# First 2 Fatties Qview



## bloc004 (Apr 30, 2011)

I did two fatties for the first time and they tasted amazing!!!  The first one was: Turkey burger wrapped in turkey bacon, filled with pepperjack, spinnach, and onions.  The second was:  beef wrapped in bacon, filled with cheddar, onions, green peppers, and tomatos,








Smoked about 2.5 hours with hickory in my homemade propane smoker, until they were 160 IT,







Pulled out and couldnt wait to cut into the turkey one becasue the wife was hungry.  Topped it with a white wine cream sauce.



















Let the beef one rest a little longer.







They turned out great with, in my opinion, a perfect amount of smoke.  The possibilities are truly endless with these!!!!!


----------



## bmudd14474 (Apr 30, 2011)




----------



## SmokinAl (Apr 30, 2011)

Looks great! Boy you really packed those guys full. I love the cheese flowing out when you cut it. Great job!


----------



## gotarace (Apr 30, 2011)

Excellent looking Fatties...what you going to put in your next batch?

What did the wife think? If she liked them it is a free pass to make them often...


----------



## smokingmymeat (Apr 30, 2011)

They look awesome. Need to make me a few.

Happy smoking,
   Big AL


----------



## fpnmf (Apr 30, 2011)

Delicious!!!

Fatties rock!!

 Craig


----------



## bloc004 (May 10, 2011)

Yeah, the wife loved them, so all systems go for many fatties in the near future.  I am thinking a chicken cordon bleu fattie would be pretty tasty!

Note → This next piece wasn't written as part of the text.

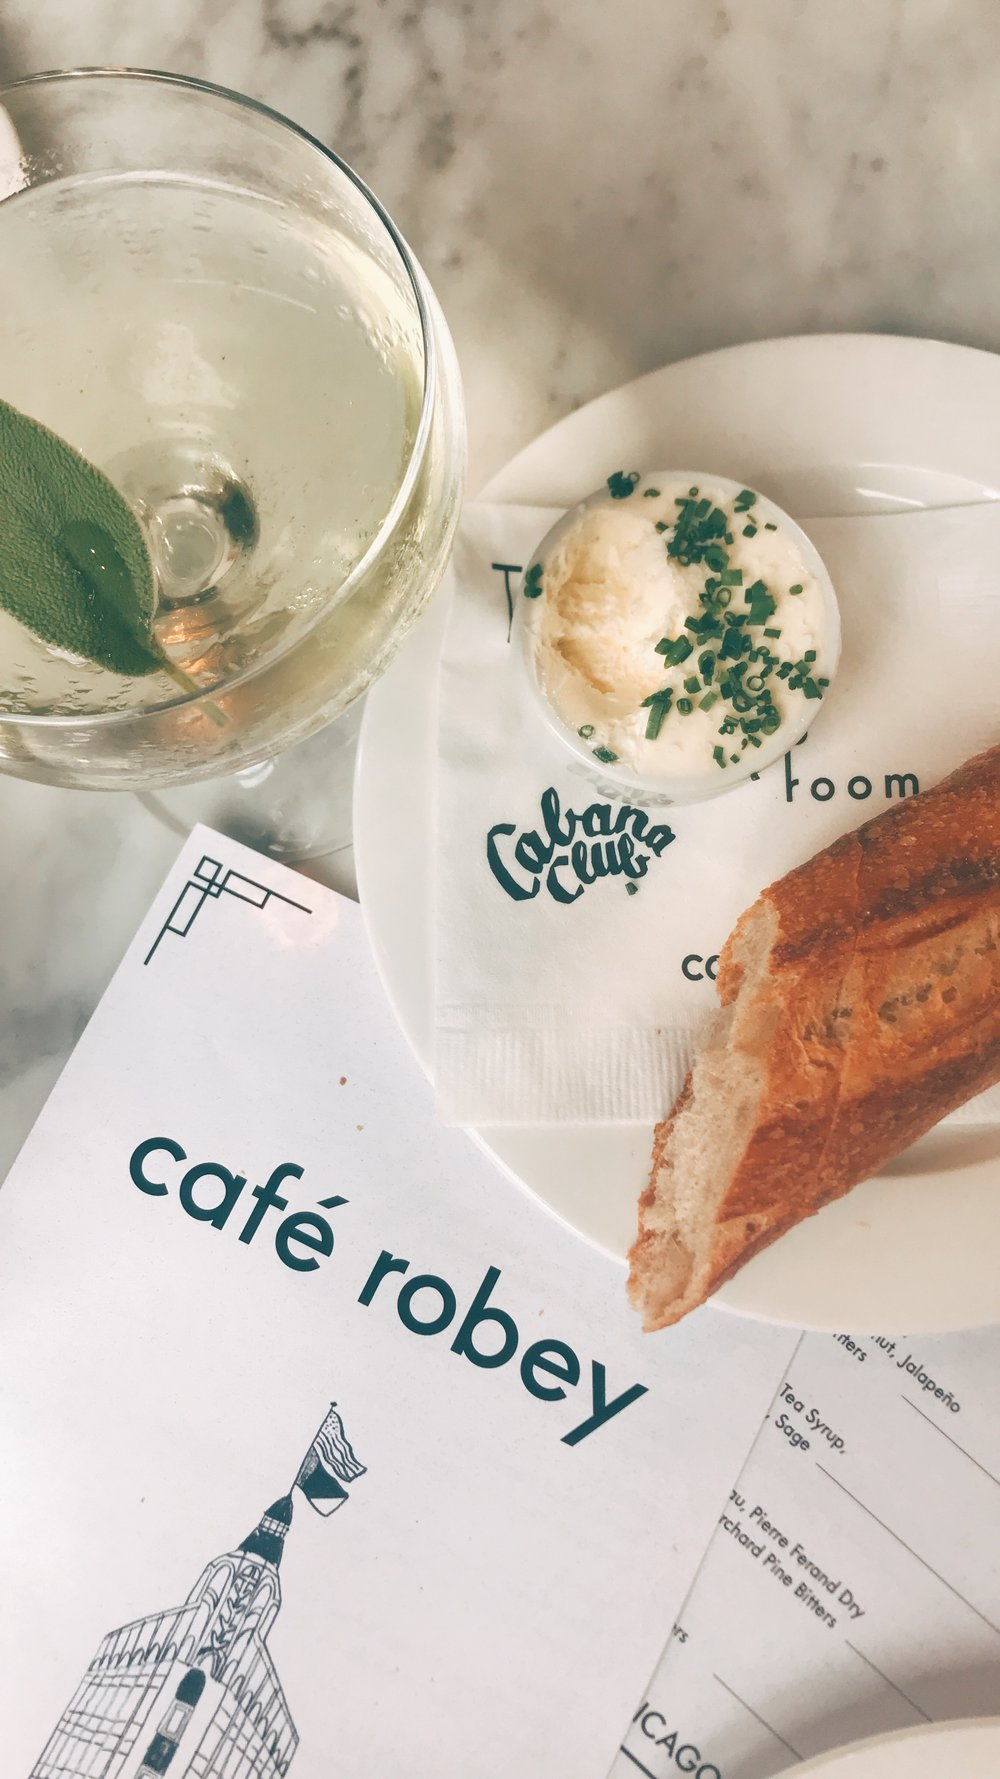 CAFÉ ROBEY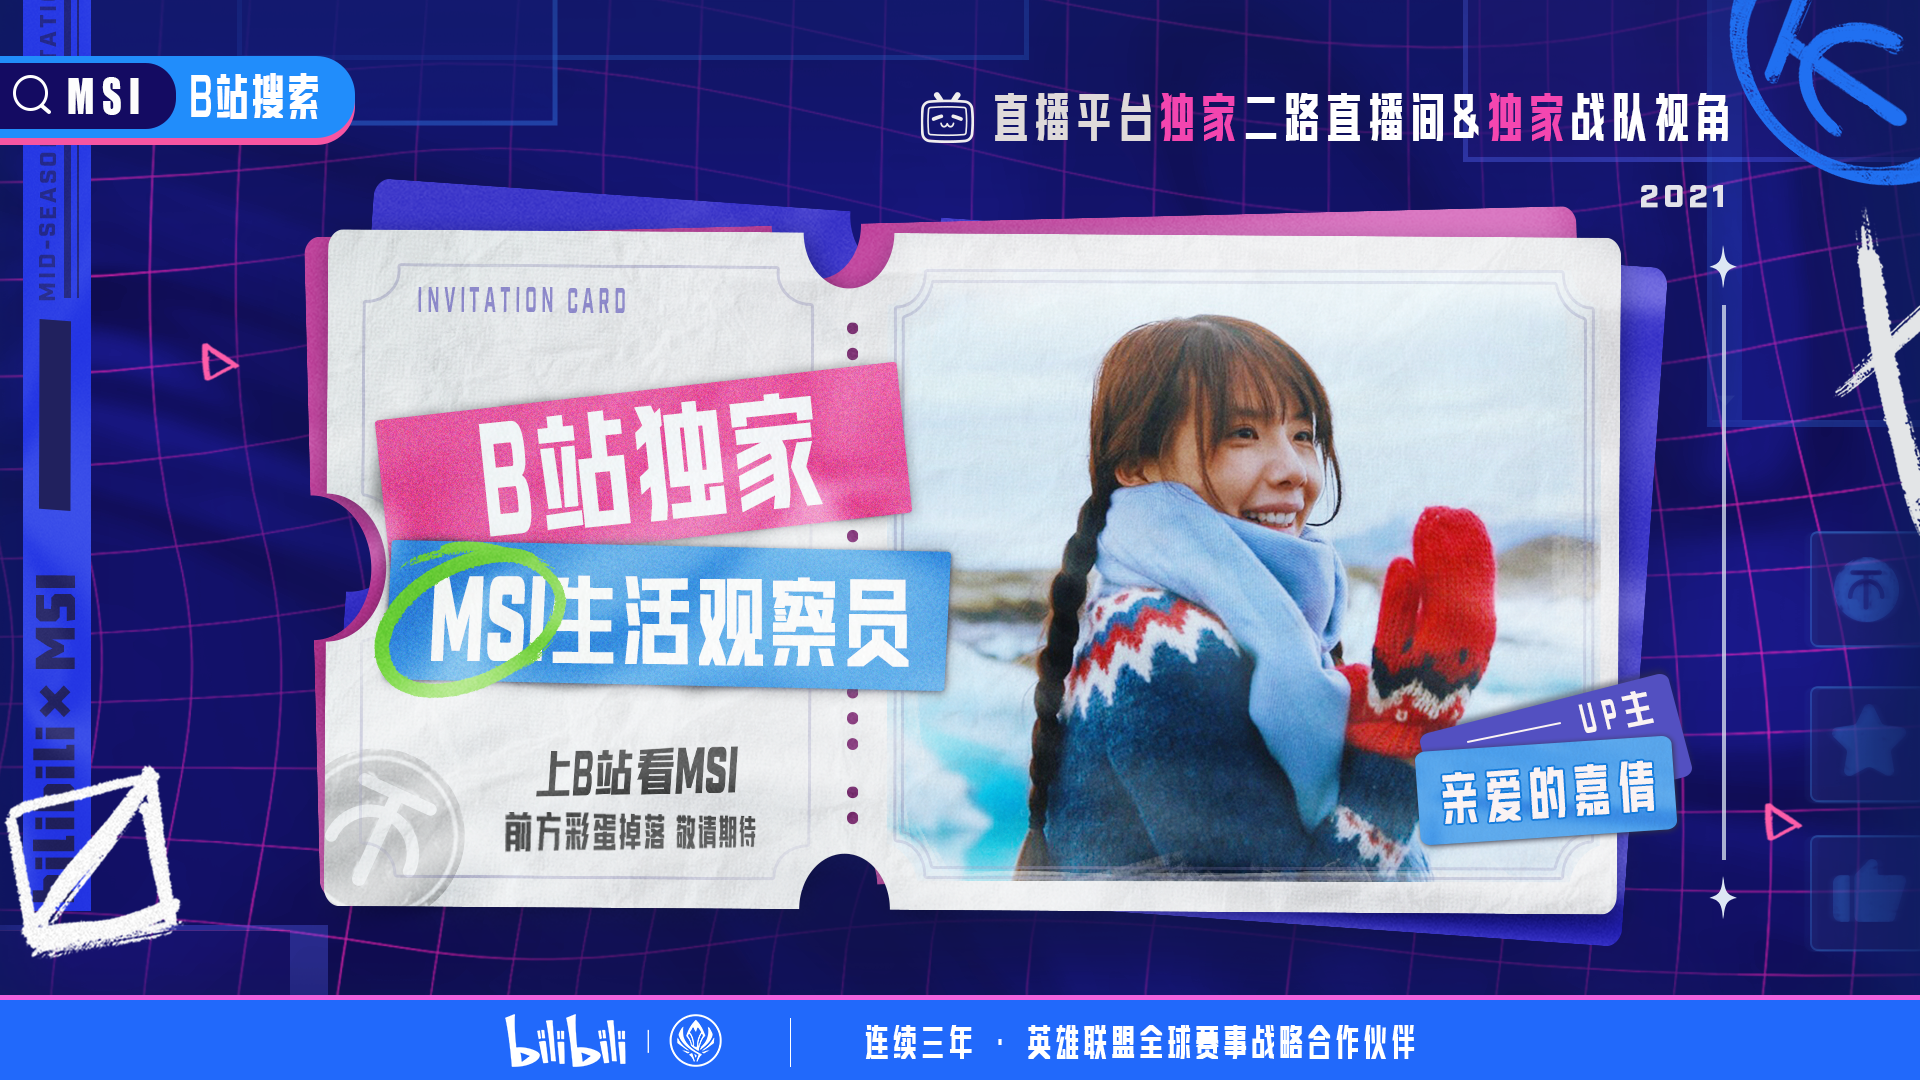 B站将全程直播英雄联盟MSI赛事 并独家上线第二直播间

I am going to do some breakfast fatties this weekend!  I love these things!


----------



## realtorterry (May 10, 2011)

Great Job!!


----------



## beer-b-q (May 10, 2011)

Fatties look great and the plating job is perfect...


----------



## captturbo (May 21, 2011)

Pure fattie porn. I can't wait to try my hand at one of these beautiful creations.


----------



## thesmokinshanty (May 22, 2011)

LOVE THE FATTIES!!!!!!!!!!!!!!


----------



## Bearcarver (May 22, 2011)

Very Nice Fatties there, bloc!!!!

Nice & Choosy !!!!

Bear


----------